One family stays on in Malin, others face too many problems in temporary shelters

On the eve of the second anniversary of the Malin tragedy, tehsildar Ravindra Sabnis who has taken over last month is all set to address the issue of “small temporary shelters” and initiate the process of constructing more to accommodate the families.

Written by Nisha Nambiar , MANOJ MORE | Malin | Published: July 30, 2016 1:52 am
pune, pune building disaster, pune construction disaster, pune workers, pune construction, pune illegal building, pune illegal construction, pune news Raju Zanjare and his family are the only ones staying in Malin. Pavan Khengre

The district administration has vowed to ready the permanent houses for the Malin landslide-affected by Diwali this year and it is also planning to increase the number of temporary houses and address the demands and issues of the Malin villagers. The work on the permanent houses, 465-square-feet houses in a residential building, a little distance away from the tragedy site, is in full swing.

On the eve of the second anniversary of the Malin tragedy, tehsildar Ravindra Sabnis who has taken over last month is all set to address the issue of “small temporary shelters” and initiate the process of constructing more to accommodate the families. With 40 temporary shelters constructed for at least 50 families, these shelters are falling short of space which has forced one Raju Zanjare’s family to move to the original site of Malin.

“We are the only family living here. Though we have been given a notice for eviction, we have refused to move out. We remain undeterred,” he said. Zanjare lives with his wife, brother and his wife. Zanjare said Malin had a population of 400. “Of which, 151 have died,” he added.

Other villagers like Dilip Lembhe who lost ten members of his family feel that the temporary shelters are inadequate. “We are only two and in other families there are ten to twelve people and these small temporary shelters are inadequate,” he said.

Having lost six daughters, one son, his wife, mother and brother, Lembhe has been able to retain his job at Chakan as a worker but clearly looks still shaken. “I was the worst affected by the tragedy… How can I forget it… Though I have moved on in life after my marriage, I am still to get over the tragedy…,” he said.

The issues of these villagers will be addressed by the administration on Saturday. Some of the villagers have their reservation about Aamade as the permanent site for the rehabilitation as it is on a hillock and could prove risky.

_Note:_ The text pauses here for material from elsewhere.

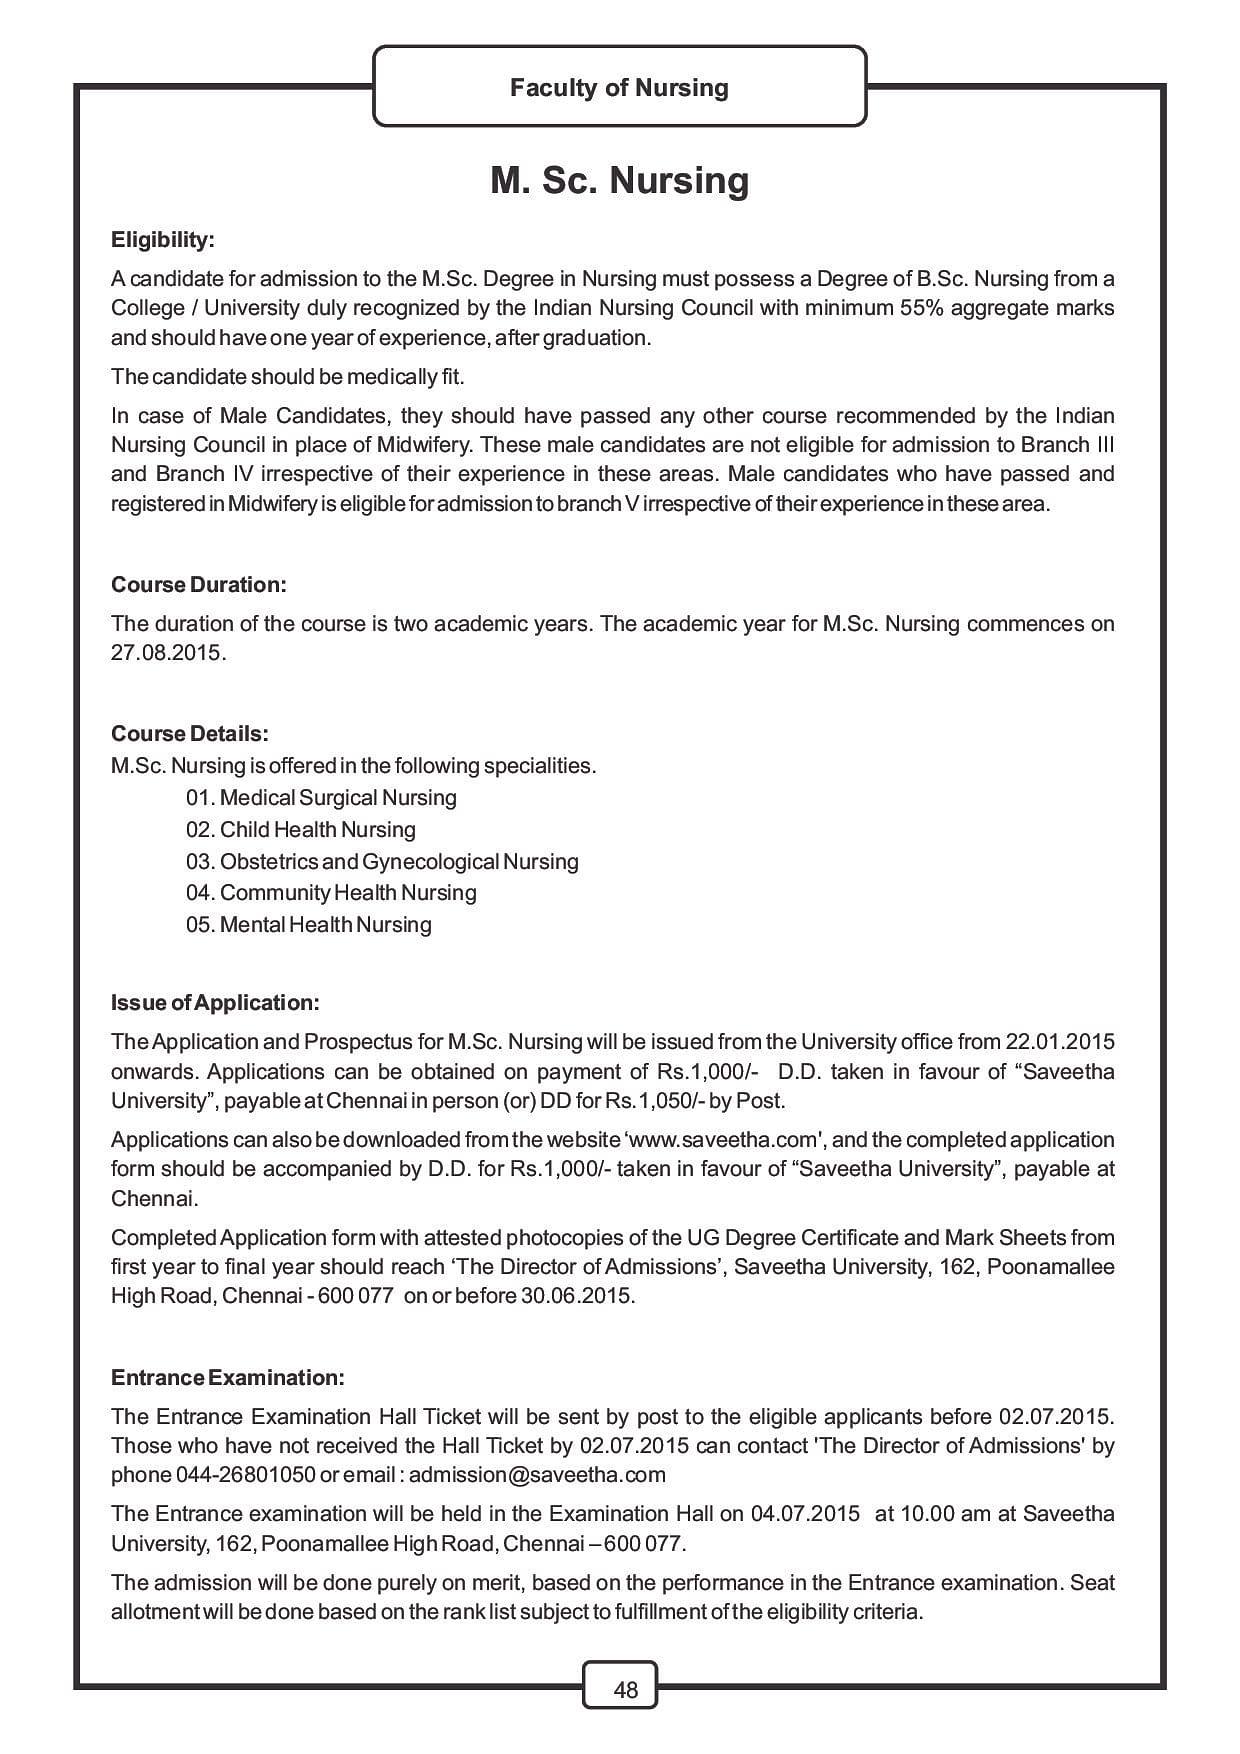 Saveetha university chennai admissions contact website saveetha university chennai college information brochure m nursing image 1 aiddatafo Gallery

“There were many sites proposed, but the officials have zeroed in on the current site which again looks risky like the earlier one. Even as consent was taken from most villagers, I have not given my approval for the new site,” said Dilip Lembhe. The government has proposed 68 houses at the site.

Meanwhile, at the temporary shelters lack of basic amenities and small ill-lit rooms continue to bother the villagers. “When the government gave us these shelters, we thought they would be improved eventually. However, we are unable to cook anything inside these small shelters and have to do so outside. In the monsoon season, it is practically impossible to cook,” said Savita Lembhe. Only a few households have gas connections.

At an Idea Exchange at The Indian Express office, earlier this week, District Collector Saurabh Rao had said, “Under government norms, houses of 269-square-feet are given to the poor sections of the society. But we are giving the Malin victims 465-square-feet houses.”